Like the environmental groups above, the ASA and Cotton Growers have opted to cover all their bases by filing multiple lawsuits in different federal courts:
1. A JOINT COMPLAINT FILED IN THE D.C. DISTRICT COURT (Docket No. 1:20-cv-03190)
This 30-page complaint, filed in November 2020, argues that:
- The federal label’s cutoff dates of June 30 and July 30 for soybean and cotton growers, respectively, are too restrictive and could hurt growers who plant these crops later in the summer.
- The newly required buffers on the federal label (240-feet and 310-feet for endangered species) are too large and will limit farmers’ ability to control weeds on a significant part of their acreage.
This complaint asks the court to find that EPA exceeded its authority in creating these new restrictions and require the agency to undo these restrictions, while keeping dicamba herbicides on the market.

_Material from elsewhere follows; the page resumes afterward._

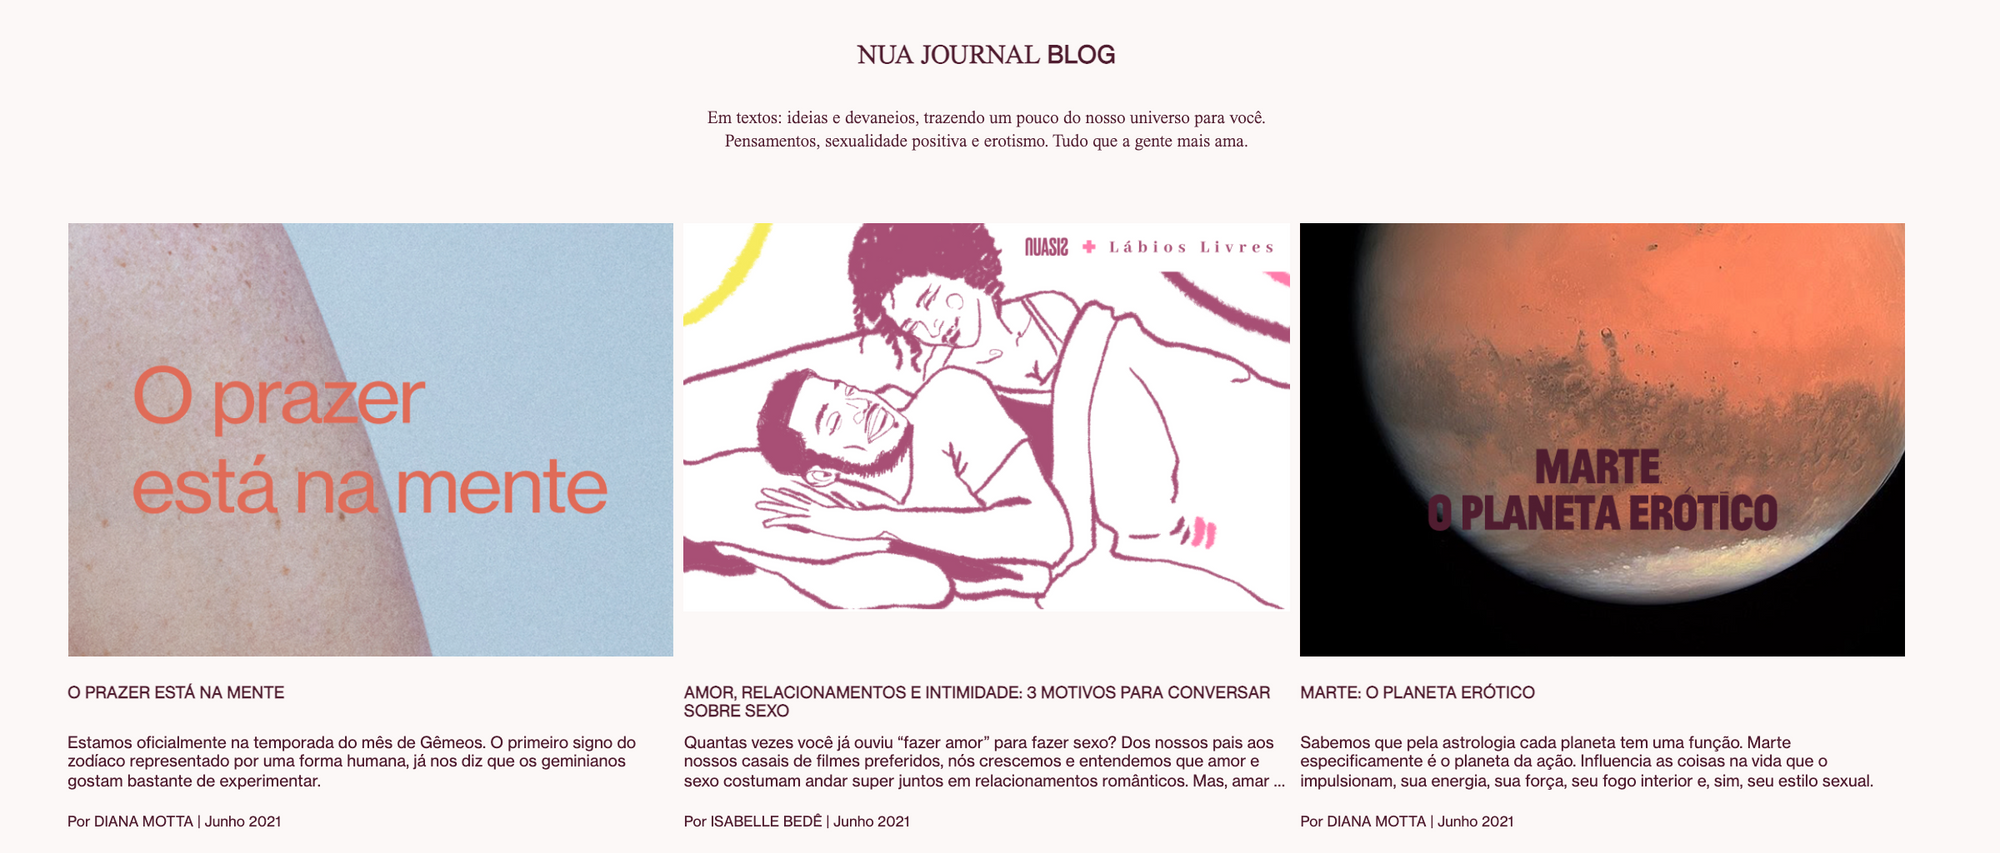 Nua Journal, blog da loja online de sextoys Nuasis

So far, Bayer, BASF and Syngenta have all filed motions to intervene as defendants in this case, to help EPA defend its 2020 registrations of their herbicides.
In addition to this complaint, both the ASA and Cotton Growers have filed a flurry of similar lawsuits in federal appeals courts. Specifically, the Plains Cotton Growers filed a similar lawsuit on their own against EPA in the U.S. Court of Appeals for the Fifth Circuit. The ASA also filed independently against EPA in the D.C. Circuit Court of Appeals. Those cases have all been consolidated into:
2. A PETITION FOR REVIEW IN THE D.C. CIRCUIT COURT OF APPEALS (Docket No. 20-1441)
These consolidated cases now argue together that:
- EPA’s federal dicamba cutoff dates are too restrictive and not supported by evidence.
- EPA’s federal buffer requirements are too large and not supported by evidence.
This case has now been consolidated with the National Family Farm Coalition et al. case, despite their vastly differing arguments against EPA’s registration. Unless the environmental groups get their case transferred back to the Ninth Circuit, they will be heard together in the D.C. Circuit Court of Appeals.
However, as stated above, this case is now under a 60-day freeze, as the Biden administration reviews all EPA’s regulatory actions for the past four years.
In the meantime, some of the arguments from the ASA and Cotton Growers may soon be addressed at the state level. Specifically, Texas, Oklahoma and Louisiana pesticide regulators have indicated that they will be using Section 24(c) special local needs labels to extend the federal cutoff dates for dicamba use in their states to accommodate late-planted soybeans and cotton fields. (See more here).